El Teatro del Absurdo forma parte del incesante esfuerzo de los verdaderos artistas de nuestro tiempo por derribar la pared de la complacencia y el automatismo y establecer un conocimiento de la situación humana enfrentada con la realidad fundamental de su condición, zarandearle de una existencia trivializada, mecánica, complaciente y falta de la dignidad. Como tal, el Teatro del Absurdo cumple un doble propósito y se presenta al público con una doble absurdidad.

Por un lado castiga satíricamente lo absurdo de las vidas vividas en la inconsciencia, en el sopor del soma. Este es el sentimiento de muerte y de insensibilidad mecánica de las vidas semiconscientes. En eso se basa el aspecto satírico y parodístico del Teatro del Absurdo, su crítica social, su deseo de poner en entredicho a una sociedad inauténtica y mezquina. Este es el mensaje más fácilmente accesible y por tanto más conocido del Teatro del Absurdo pero no es, por supuesto, su rasgo más esencial o significativo.

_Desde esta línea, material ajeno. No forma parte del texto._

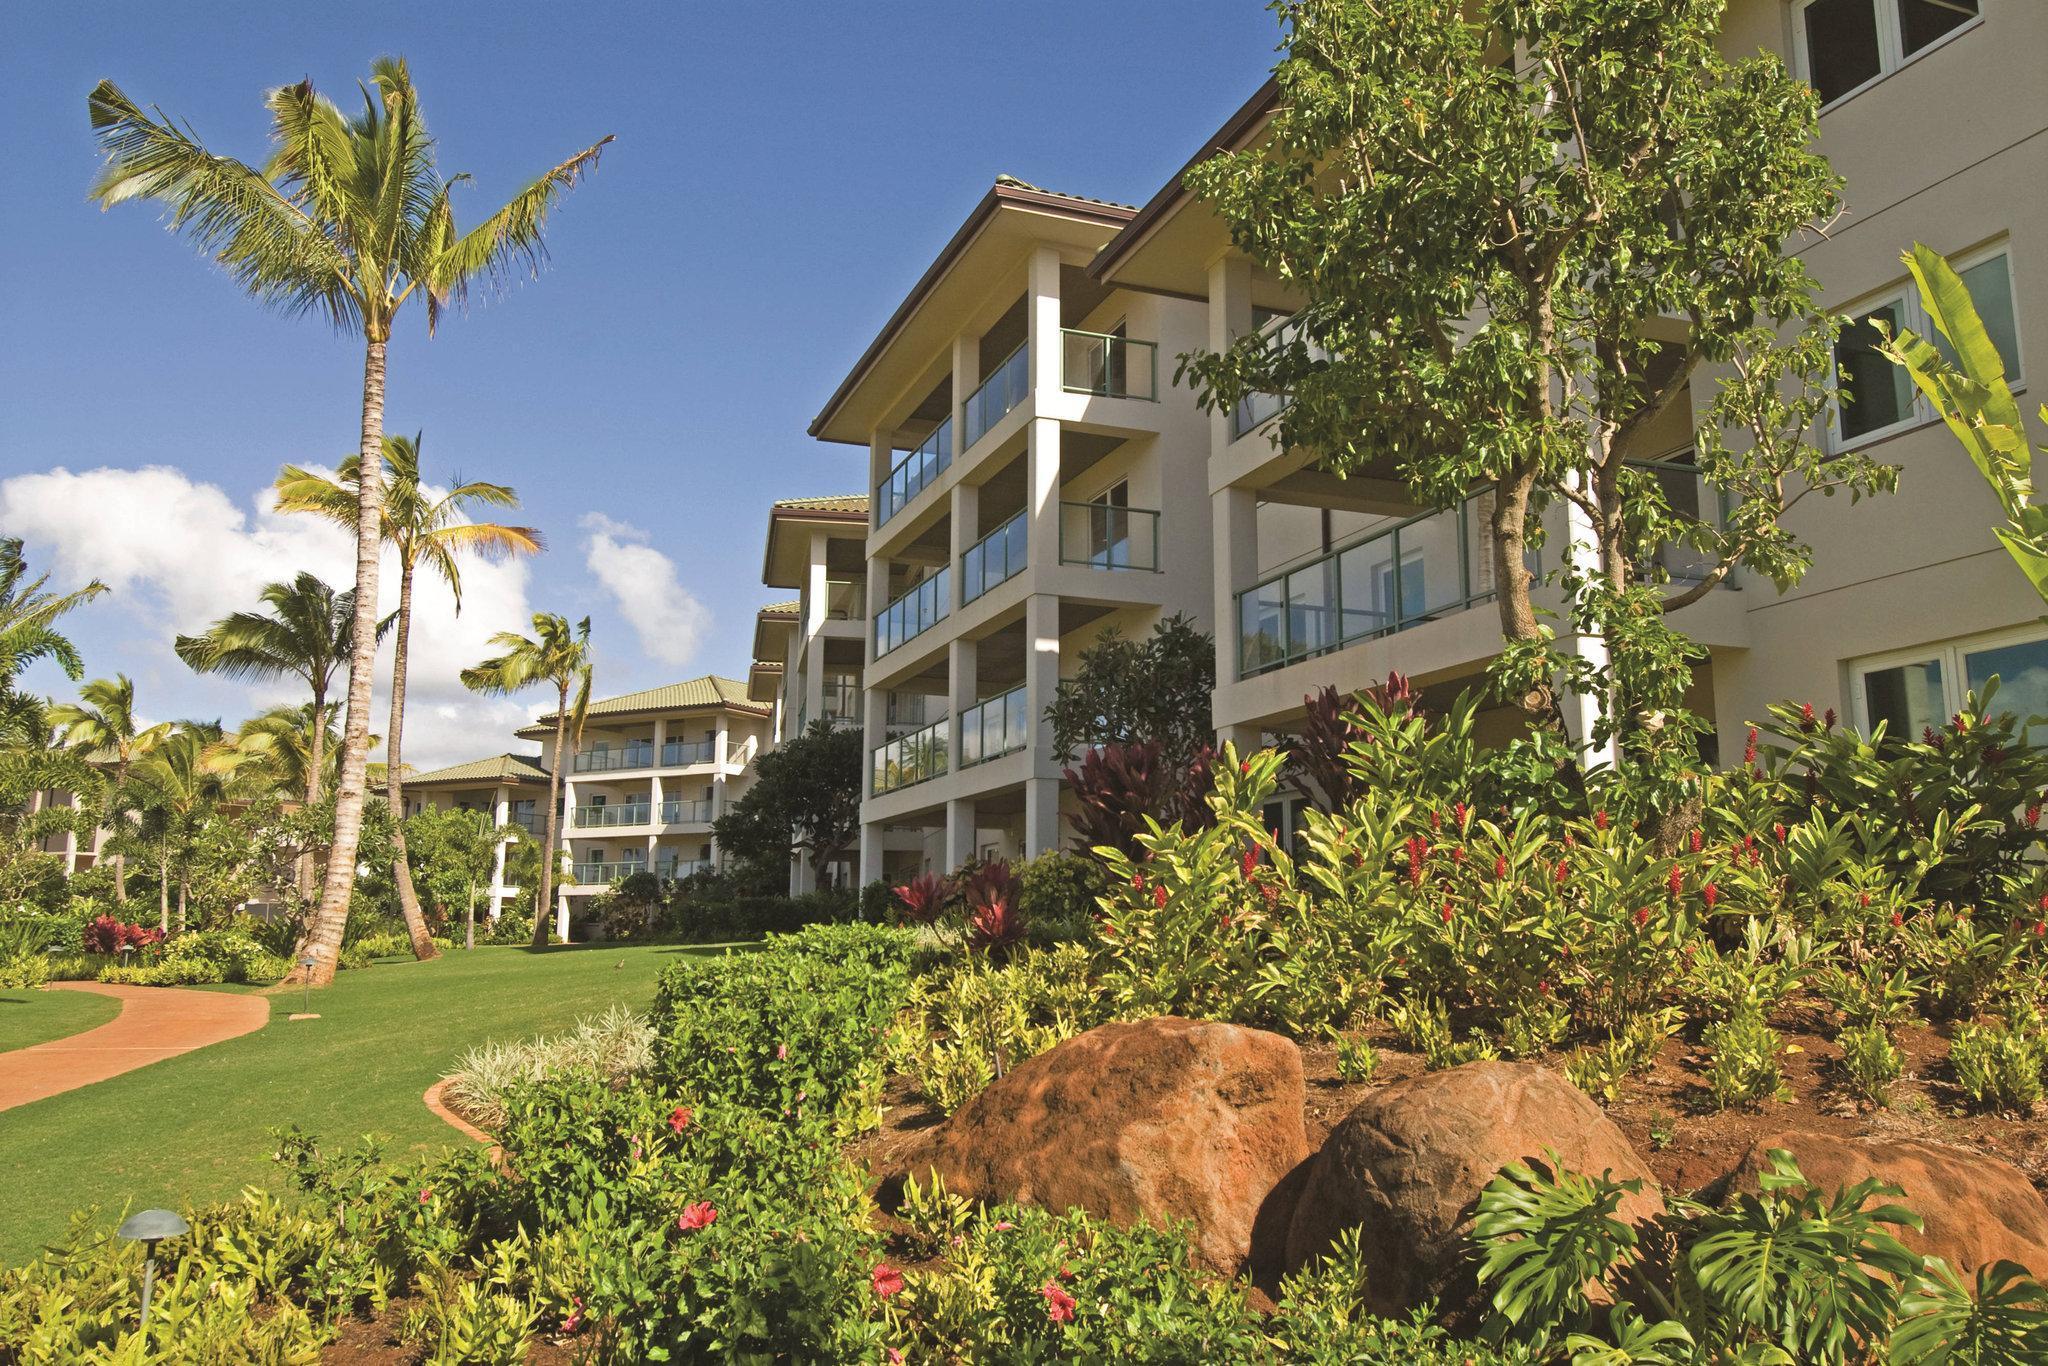 Marriott's Kauai Lagoons   Kalanipu'u

El Teatro del Absurdo se sitúa en un nivel aún más profundo de absurdidad, el absurdo de la misma condición humana en un mundo donde la crisis de todo tipo de creencias ha privado al hombre de certidumbres. El Teatro del Absurdo es una de las expresiones de esta búsqueda. Ya no es posible aceptar por más tiempo las formas artísticas, científicas o sociales, basadas en la continuidad de standards y conceptos sin validez; esto es, la posibilidad de conocer las leyes del hombre en el universo es simplemente algo absurdo.

El Teatro del Absurdo, vinculado como está a las realidades fundamentales de la condición humana, a los relativamente pocos verdaderos problemas del hombre, lo ha despojado de sus circunstancias accidentales de posición social o contexto histórico, y lo ha enfrentado exclusivamente con las elecciones fundamentales, con las situaciones básicas de la existencia: el hombre encarado con el tiempo, esperando entre el nacimiento y la muerte; el hombre tratando de obtener un modesto lugar en la oscuridad y trivialidad que le envuelven, tratando de asir una ley moral siempre más allá de su comprensión; el hombre solo, encarcelado en su subjetividad, incapaz de alcanzar a otros.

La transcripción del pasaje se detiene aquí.